:: RAW DATA

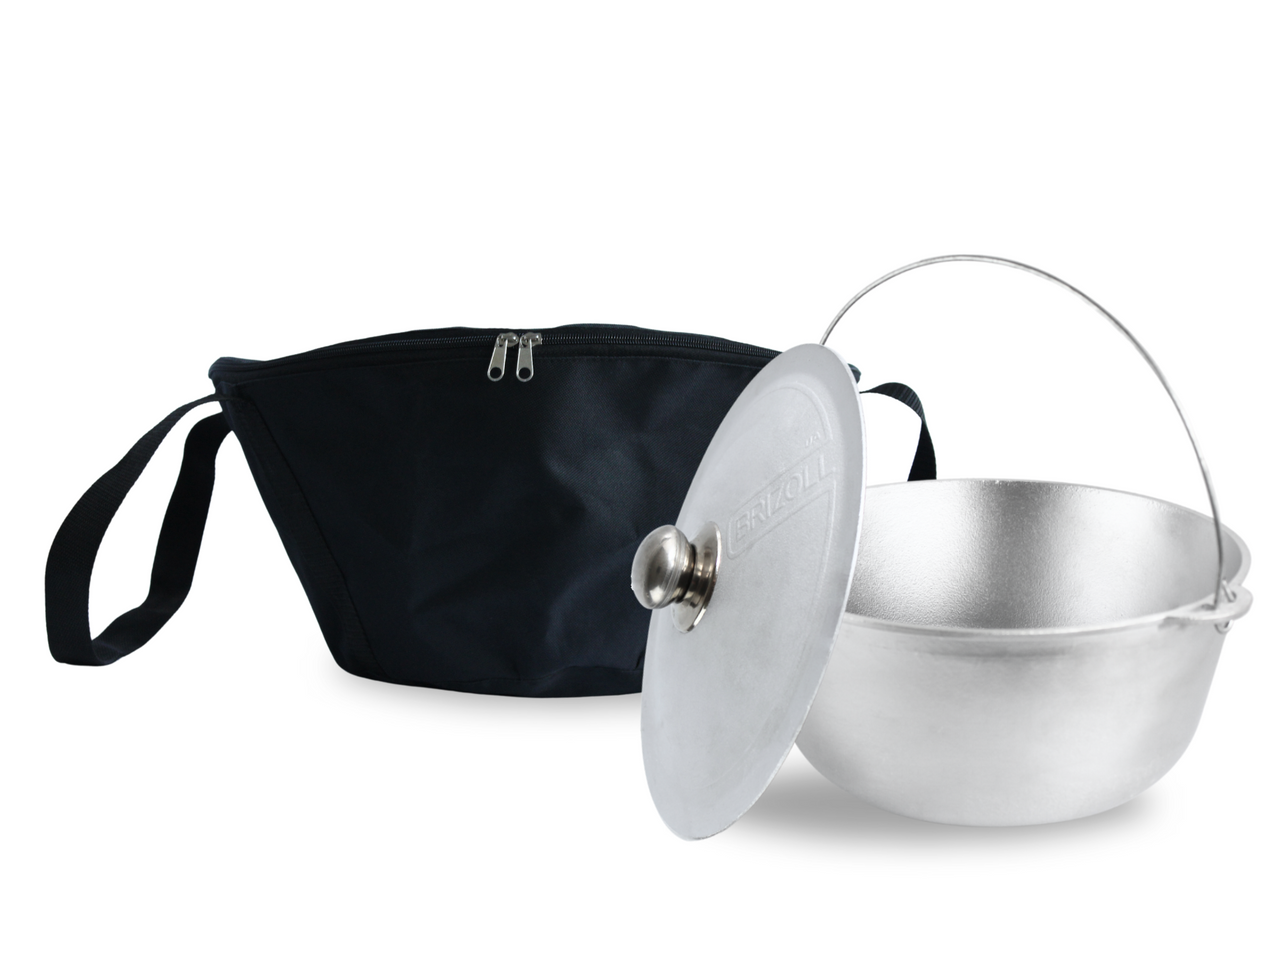 Aluminum cauldron Brizoll 8 l with bracket, lid, a tripod and a bag
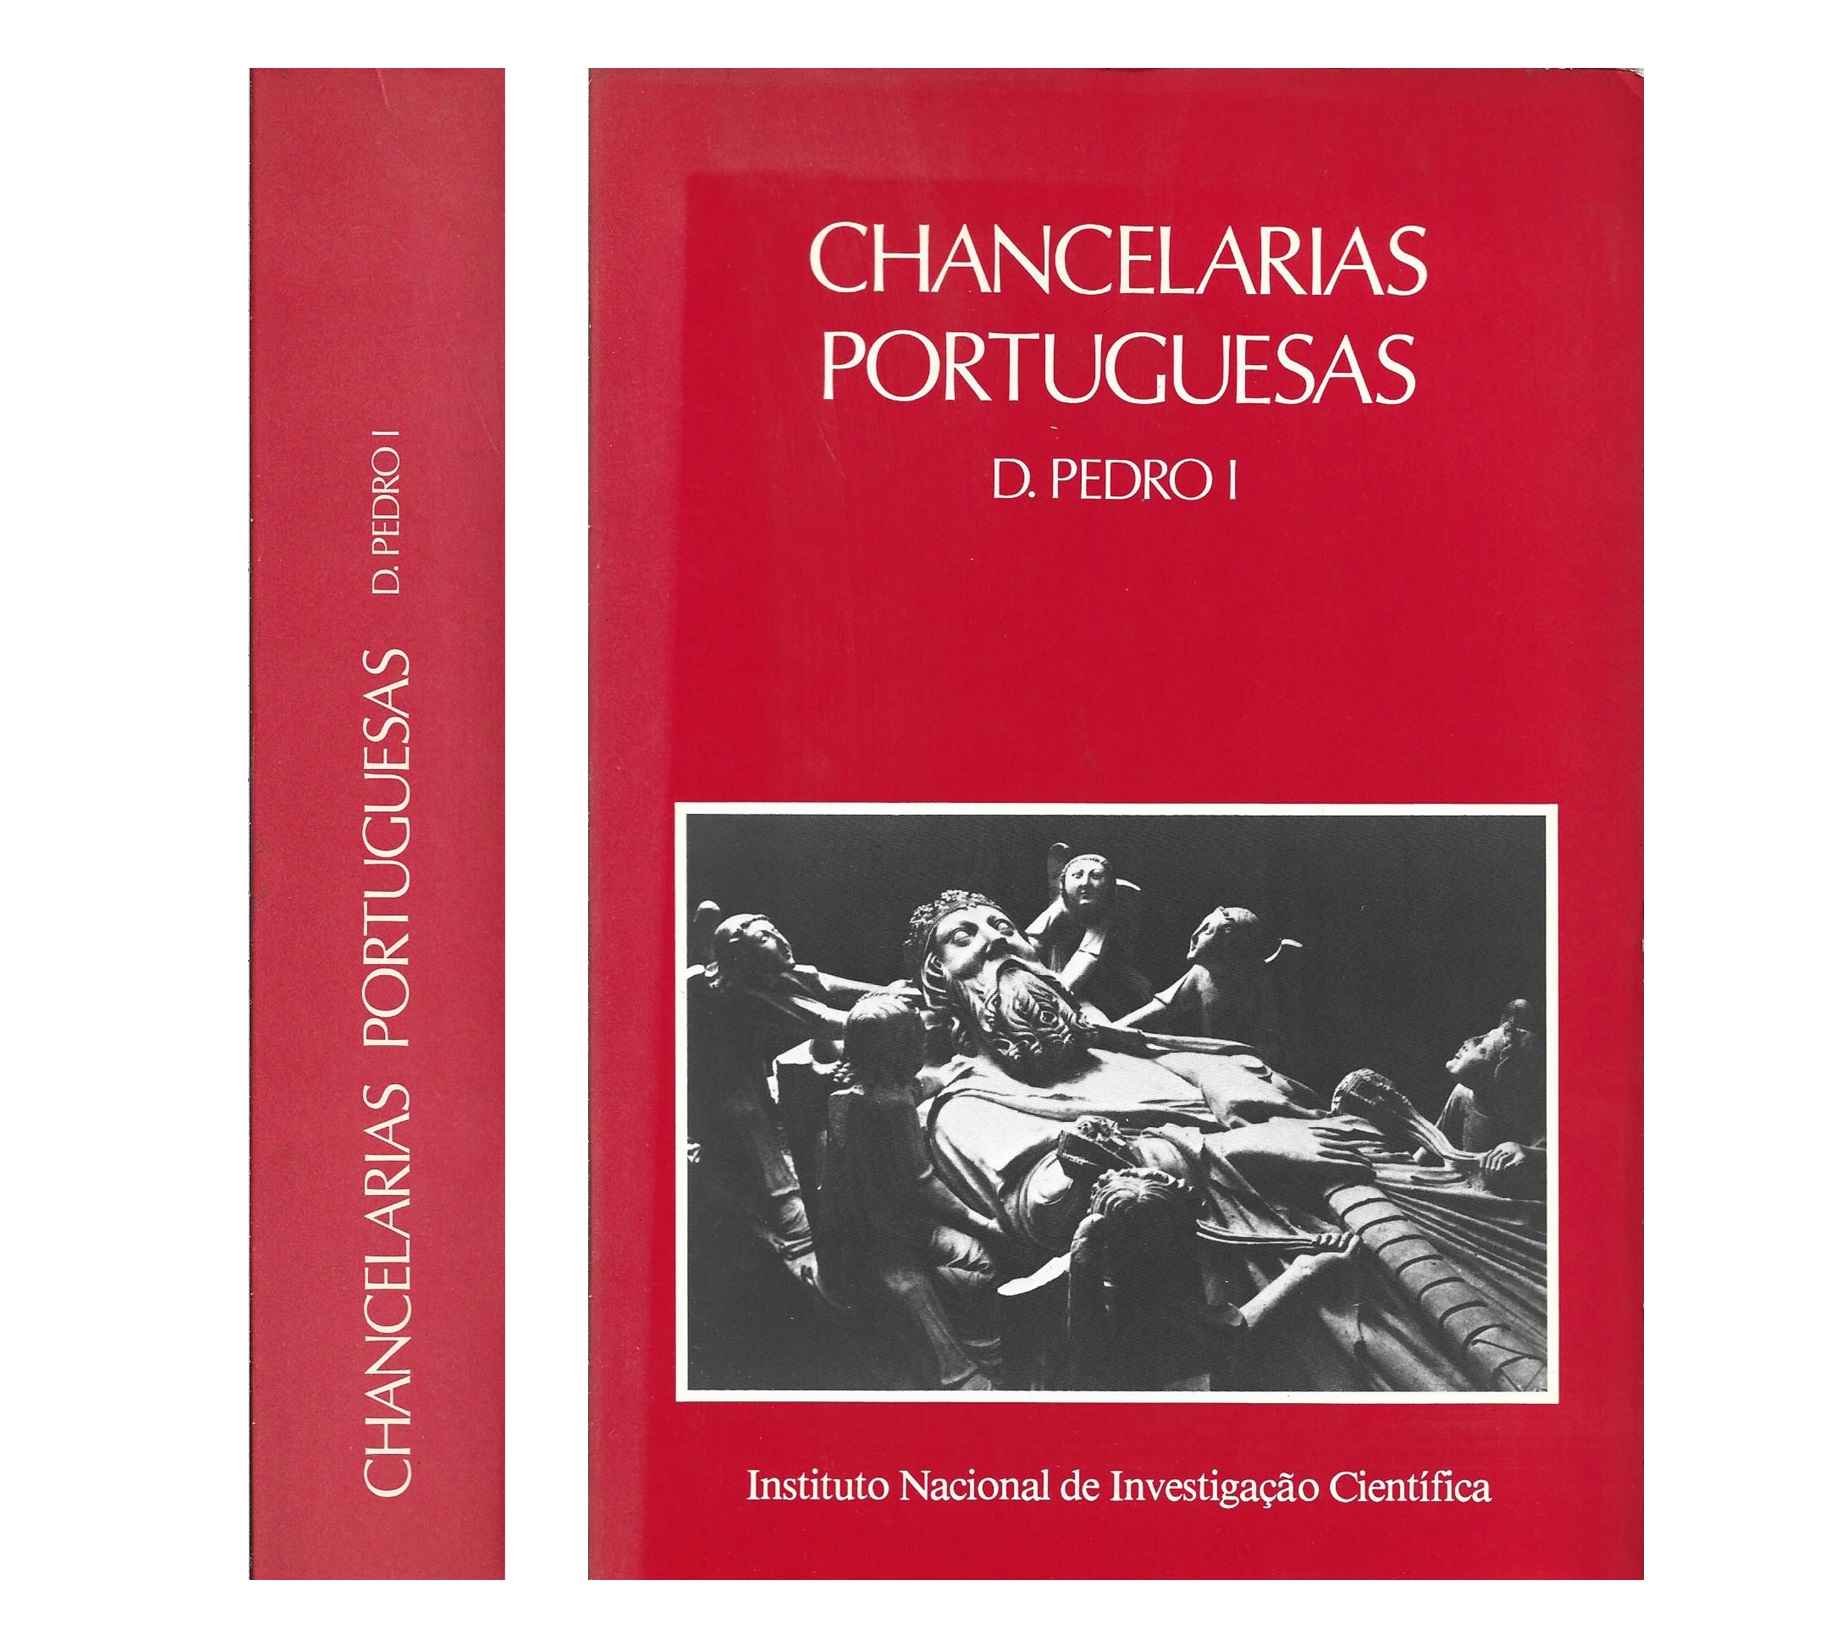 CHANCELARIAS PORTUGUESAS: D. PEDRO I
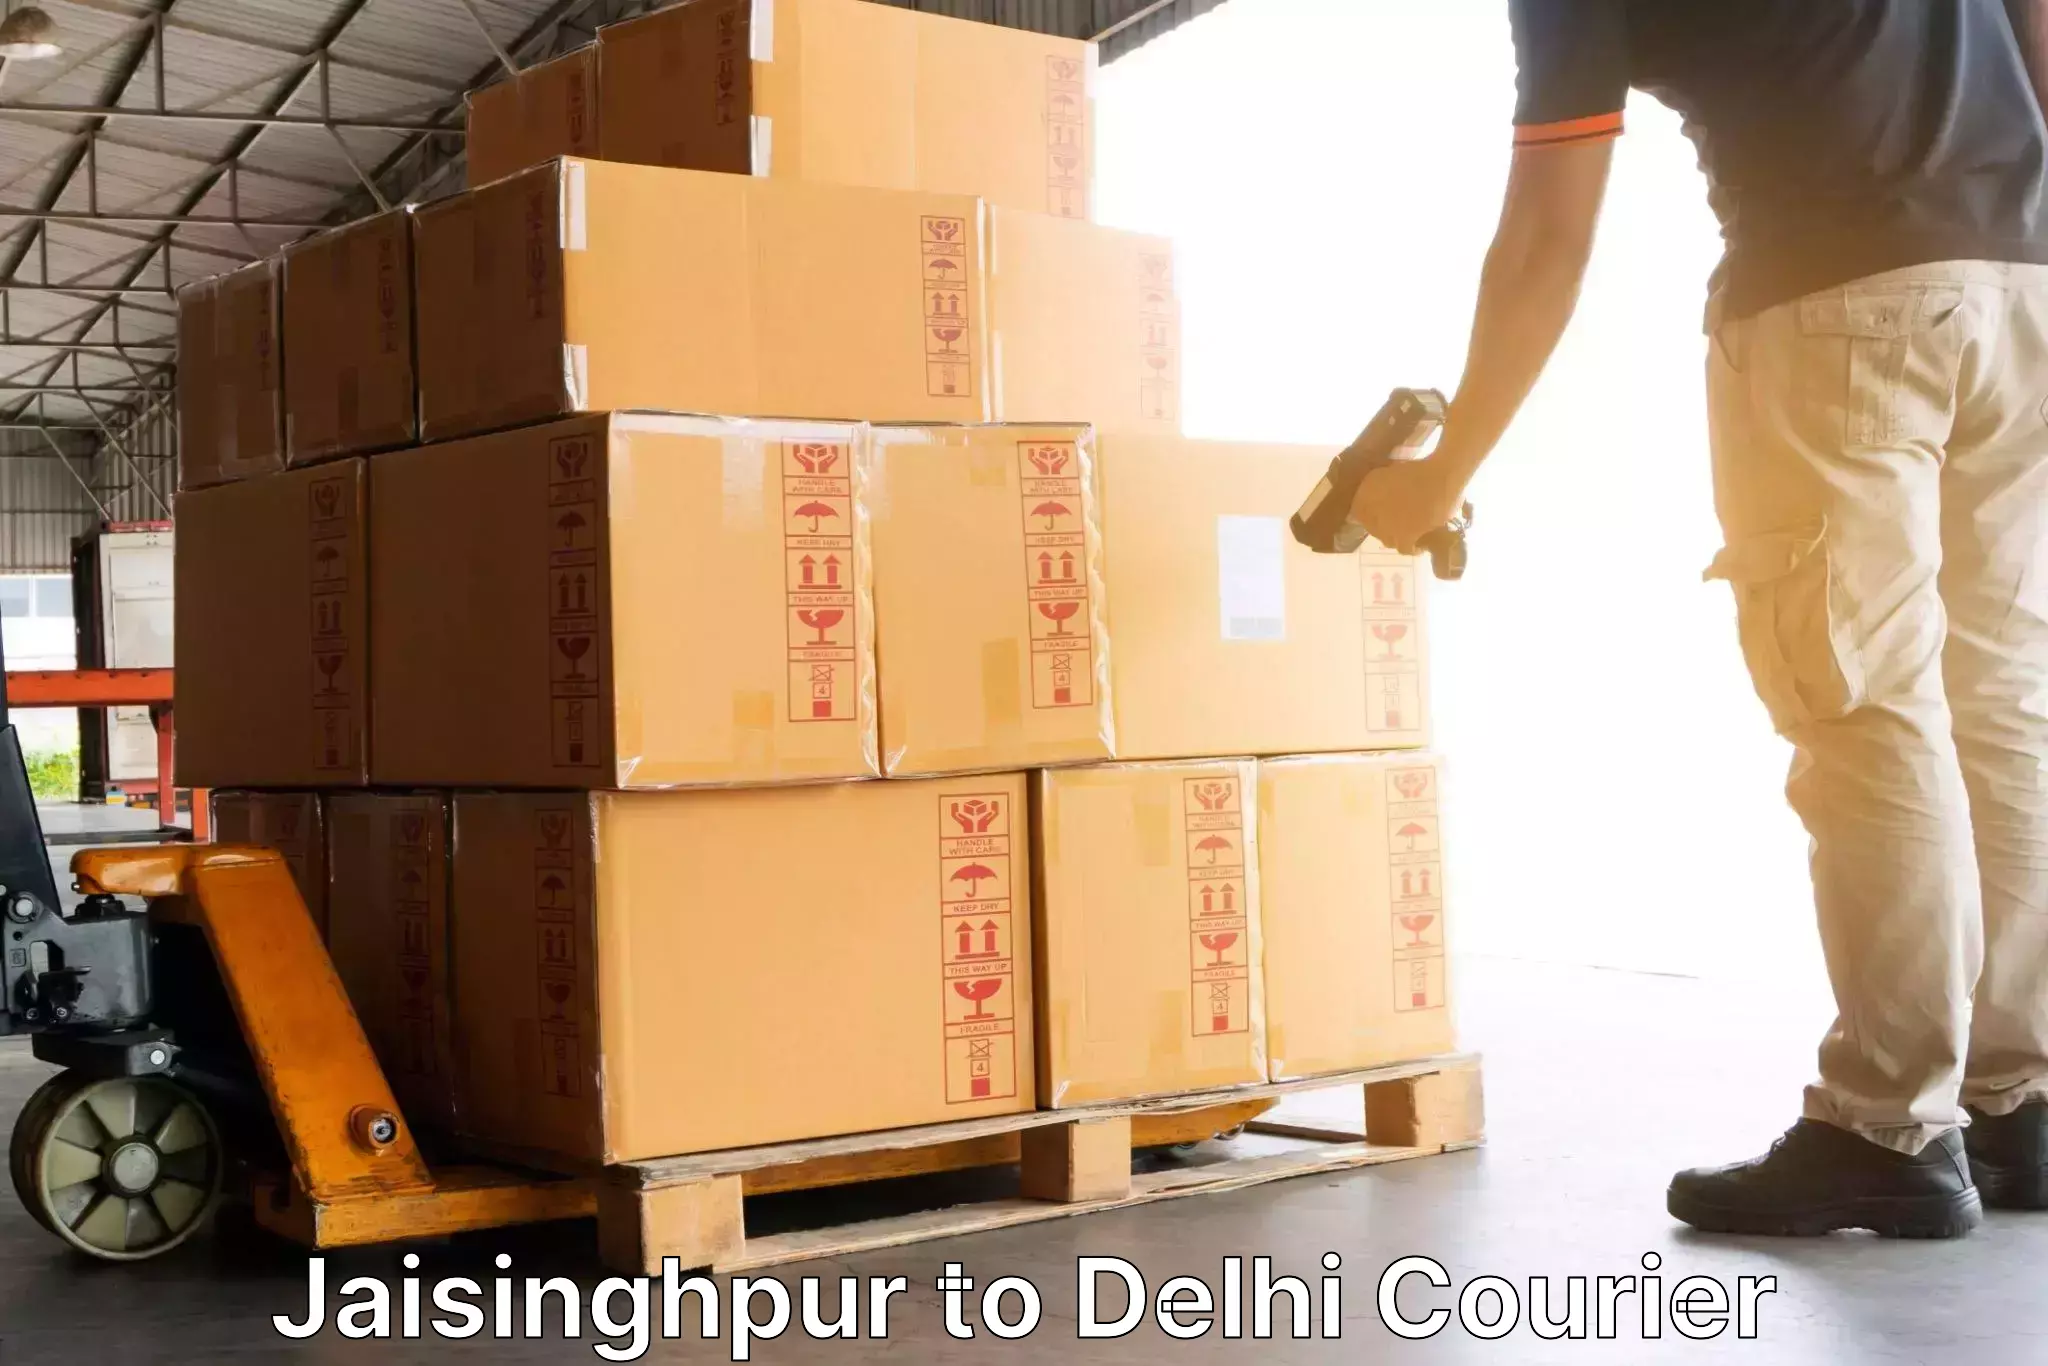 Express logistics service Jaisinghpur to NCR

::::

### PROBLEM TO WORK ON
Nothing but the lines from the one containing "CHANCELARIAS PORTUGUESAS: D. PEDRO I" through the end of the listing is to be output, and those lines are to be output exactly, pictures excluded.

### ANSWER BELOW
 CHANCELARIAS PORTUGUESAS: D. PEDRO I
 Express logistics service Jaisinghpur to NCR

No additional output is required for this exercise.